• **EXERCISE PROMPT**
Using the data that follows, output only the lines from the line with "Dodder, Cuscuta epithymum - Stock Image" up to and including the line with "Shorts da training Nike Flex - Uomo", exactly, leaving pictures aside.

• **EXERCISE DATA**
···

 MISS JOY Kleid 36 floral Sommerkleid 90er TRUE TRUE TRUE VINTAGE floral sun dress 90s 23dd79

···

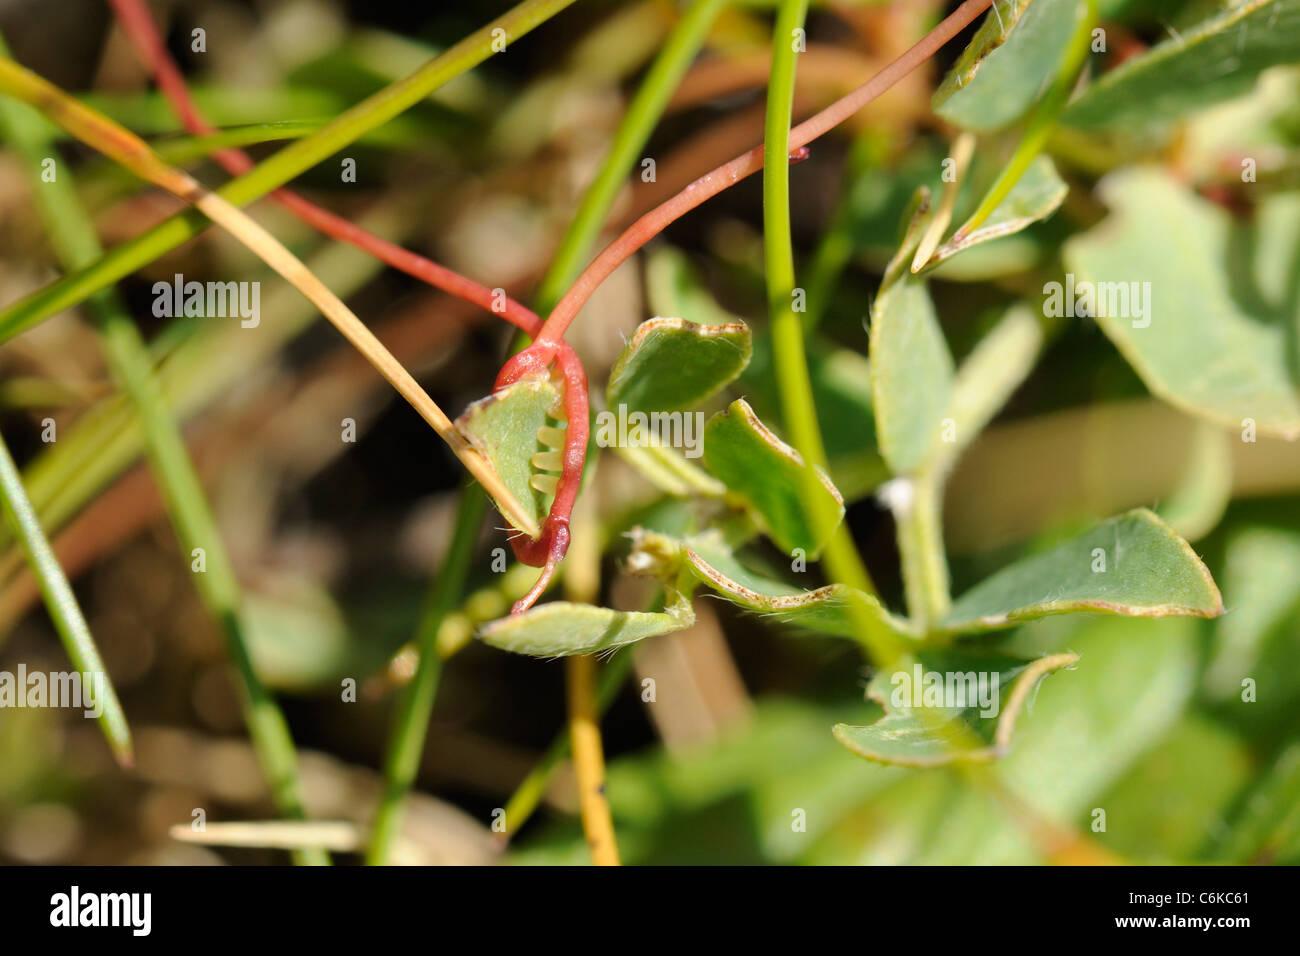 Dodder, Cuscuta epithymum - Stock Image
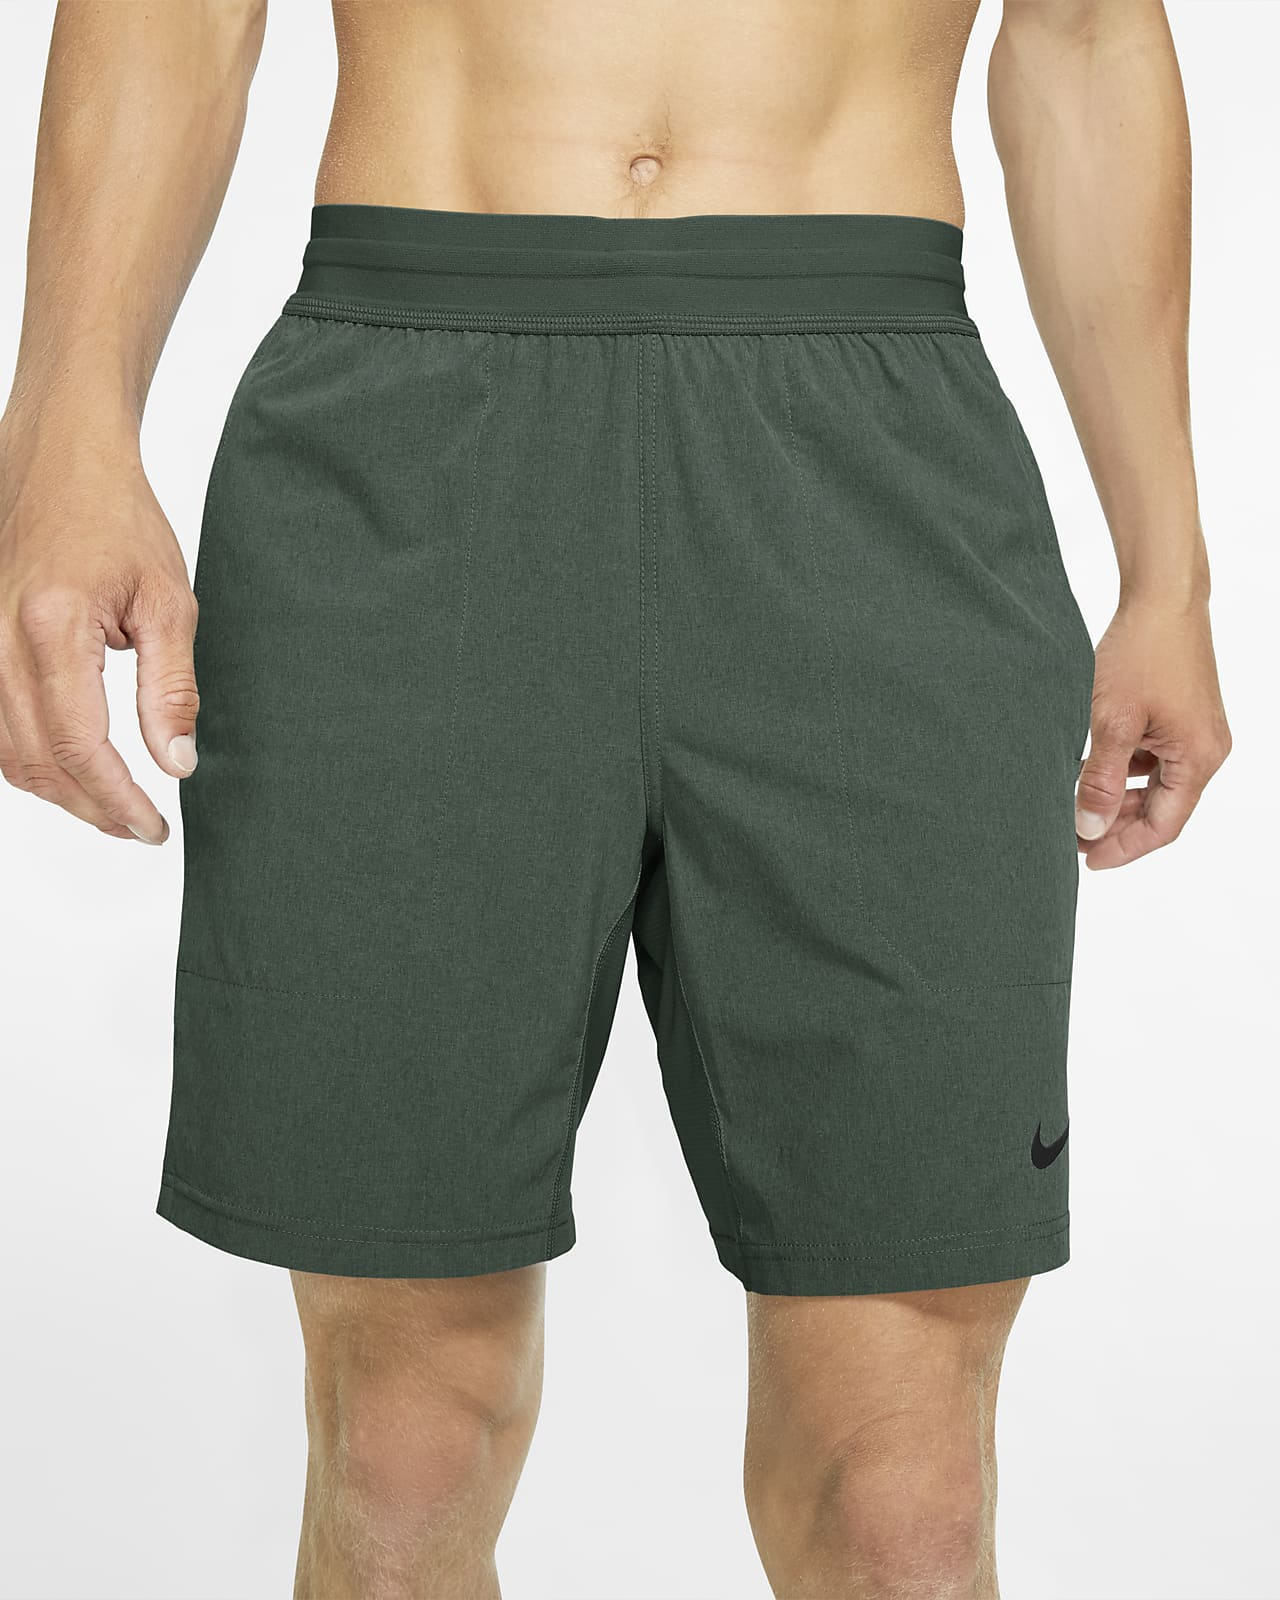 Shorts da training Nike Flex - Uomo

···

• **SOLVED EXERCISE**
 Dodder, Cuscuta epithymum - Stock Image
 Shorts da training Nike Flex - Uomo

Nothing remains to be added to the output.